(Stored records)
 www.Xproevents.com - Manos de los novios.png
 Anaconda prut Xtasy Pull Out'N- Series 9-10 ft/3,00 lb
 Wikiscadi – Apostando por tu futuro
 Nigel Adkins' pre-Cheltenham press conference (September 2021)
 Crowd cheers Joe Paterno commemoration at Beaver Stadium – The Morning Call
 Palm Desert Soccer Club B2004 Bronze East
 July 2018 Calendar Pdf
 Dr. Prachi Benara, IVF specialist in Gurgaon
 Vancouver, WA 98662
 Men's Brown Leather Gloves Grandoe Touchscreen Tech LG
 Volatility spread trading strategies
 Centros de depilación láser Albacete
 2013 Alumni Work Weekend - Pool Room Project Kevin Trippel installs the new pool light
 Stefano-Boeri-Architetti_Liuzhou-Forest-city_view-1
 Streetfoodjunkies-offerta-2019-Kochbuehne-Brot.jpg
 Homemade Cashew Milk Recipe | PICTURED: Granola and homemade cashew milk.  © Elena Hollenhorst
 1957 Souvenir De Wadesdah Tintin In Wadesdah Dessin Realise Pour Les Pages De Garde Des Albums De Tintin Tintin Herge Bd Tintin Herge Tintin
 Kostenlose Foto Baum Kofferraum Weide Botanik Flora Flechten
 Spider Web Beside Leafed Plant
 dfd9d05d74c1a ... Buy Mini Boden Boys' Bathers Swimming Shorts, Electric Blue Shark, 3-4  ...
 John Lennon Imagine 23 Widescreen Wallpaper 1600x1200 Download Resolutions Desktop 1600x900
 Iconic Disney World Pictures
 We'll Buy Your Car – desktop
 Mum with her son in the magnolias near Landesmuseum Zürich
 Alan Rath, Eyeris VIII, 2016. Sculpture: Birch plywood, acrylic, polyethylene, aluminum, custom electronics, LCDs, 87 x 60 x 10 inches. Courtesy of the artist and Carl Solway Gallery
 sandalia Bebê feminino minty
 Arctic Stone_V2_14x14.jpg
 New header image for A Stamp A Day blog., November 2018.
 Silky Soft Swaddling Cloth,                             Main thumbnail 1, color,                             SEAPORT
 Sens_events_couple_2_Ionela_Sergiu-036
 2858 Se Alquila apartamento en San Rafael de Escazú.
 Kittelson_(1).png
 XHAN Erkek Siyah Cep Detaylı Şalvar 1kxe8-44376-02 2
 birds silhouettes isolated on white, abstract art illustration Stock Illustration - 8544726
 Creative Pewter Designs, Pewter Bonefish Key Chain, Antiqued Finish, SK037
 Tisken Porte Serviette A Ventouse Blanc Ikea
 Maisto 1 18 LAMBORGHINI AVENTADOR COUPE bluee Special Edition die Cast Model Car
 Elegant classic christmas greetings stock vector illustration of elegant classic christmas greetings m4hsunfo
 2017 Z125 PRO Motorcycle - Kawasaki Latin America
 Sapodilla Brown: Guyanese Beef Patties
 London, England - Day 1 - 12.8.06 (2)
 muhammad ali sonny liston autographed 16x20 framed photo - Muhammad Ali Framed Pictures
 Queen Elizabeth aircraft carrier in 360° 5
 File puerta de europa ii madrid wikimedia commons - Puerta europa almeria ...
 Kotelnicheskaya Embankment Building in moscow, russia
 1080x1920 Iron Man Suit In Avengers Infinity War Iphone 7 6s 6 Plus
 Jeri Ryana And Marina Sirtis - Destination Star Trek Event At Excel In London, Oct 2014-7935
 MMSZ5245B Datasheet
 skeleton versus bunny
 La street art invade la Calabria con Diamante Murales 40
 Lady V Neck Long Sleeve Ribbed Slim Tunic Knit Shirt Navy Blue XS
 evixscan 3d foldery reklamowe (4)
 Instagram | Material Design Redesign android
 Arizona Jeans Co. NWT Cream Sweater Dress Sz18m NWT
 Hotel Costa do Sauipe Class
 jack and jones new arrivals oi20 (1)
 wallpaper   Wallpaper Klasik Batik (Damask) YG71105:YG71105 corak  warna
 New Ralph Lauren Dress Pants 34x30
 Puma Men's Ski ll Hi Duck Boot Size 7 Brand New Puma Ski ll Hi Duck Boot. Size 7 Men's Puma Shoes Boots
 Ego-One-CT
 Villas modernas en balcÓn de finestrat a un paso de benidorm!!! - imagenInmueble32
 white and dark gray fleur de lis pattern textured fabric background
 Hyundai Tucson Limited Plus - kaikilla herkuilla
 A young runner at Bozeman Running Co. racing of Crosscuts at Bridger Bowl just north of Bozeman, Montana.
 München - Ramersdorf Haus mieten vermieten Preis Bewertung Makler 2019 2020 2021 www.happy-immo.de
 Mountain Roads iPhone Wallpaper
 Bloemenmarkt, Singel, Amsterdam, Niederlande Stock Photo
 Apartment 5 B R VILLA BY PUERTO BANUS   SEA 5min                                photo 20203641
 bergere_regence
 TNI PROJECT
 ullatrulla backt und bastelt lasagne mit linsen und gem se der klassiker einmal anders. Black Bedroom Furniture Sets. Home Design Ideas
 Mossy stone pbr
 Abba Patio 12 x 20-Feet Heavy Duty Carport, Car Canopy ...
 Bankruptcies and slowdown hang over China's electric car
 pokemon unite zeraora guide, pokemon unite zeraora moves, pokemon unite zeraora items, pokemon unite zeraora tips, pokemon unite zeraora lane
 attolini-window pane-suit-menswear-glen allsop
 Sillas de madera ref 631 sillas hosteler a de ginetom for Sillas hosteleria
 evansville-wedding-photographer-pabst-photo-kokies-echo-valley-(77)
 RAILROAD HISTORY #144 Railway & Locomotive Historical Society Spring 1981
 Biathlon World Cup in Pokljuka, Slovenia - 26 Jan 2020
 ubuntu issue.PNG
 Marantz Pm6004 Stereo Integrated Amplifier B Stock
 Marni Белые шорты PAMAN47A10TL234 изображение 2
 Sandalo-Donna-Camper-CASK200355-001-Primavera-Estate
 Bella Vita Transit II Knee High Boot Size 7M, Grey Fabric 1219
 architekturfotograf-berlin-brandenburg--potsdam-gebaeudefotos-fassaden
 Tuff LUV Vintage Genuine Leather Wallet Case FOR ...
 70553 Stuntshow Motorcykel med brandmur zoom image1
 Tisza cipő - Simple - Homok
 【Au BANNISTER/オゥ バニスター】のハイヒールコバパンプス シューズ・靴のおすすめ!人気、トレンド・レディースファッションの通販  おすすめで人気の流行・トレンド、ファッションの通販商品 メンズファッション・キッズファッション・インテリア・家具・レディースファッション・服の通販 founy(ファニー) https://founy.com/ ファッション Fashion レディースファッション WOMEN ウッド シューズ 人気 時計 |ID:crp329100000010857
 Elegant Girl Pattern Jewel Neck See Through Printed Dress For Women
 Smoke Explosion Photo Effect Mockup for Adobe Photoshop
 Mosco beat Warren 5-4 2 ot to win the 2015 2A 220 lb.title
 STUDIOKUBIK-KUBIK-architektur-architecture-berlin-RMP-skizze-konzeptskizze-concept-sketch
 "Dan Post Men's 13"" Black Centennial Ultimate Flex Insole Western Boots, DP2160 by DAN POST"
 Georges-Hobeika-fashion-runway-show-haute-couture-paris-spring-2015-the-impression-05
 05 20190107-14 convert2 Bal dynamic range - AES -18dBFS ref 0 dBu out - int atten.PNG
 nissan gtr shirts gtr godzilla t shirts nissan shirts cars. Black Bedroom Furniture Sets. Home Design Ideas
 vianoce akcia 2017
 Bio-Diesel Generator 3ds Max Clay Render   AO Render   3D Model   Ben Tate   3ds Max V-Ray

What this task involves
Please transcribe exactly the lines above from the line that has "Apartment 5 B" up to and including the line that has "Bankruptcies and slowdown"; no other line belongs in the answer.

Task answer
 Apartment 5 B R VILLA BY PUERTO BANUS   SEA 5min                                photo 20203641
 bergere_regence
 TNI PROJECT
 ullatrulla backt und bastelt lasagne mit linsen und gem se der klassiker einmal anders. Black Bedroom Furniture Sets. Home Design Ideas
 Mossy stone pbr
 Abba Patio 12 x 20-Feet Heavy Duty Carport, Car Canopy ...
 Bankruptcies and slowdown hang over China's electric car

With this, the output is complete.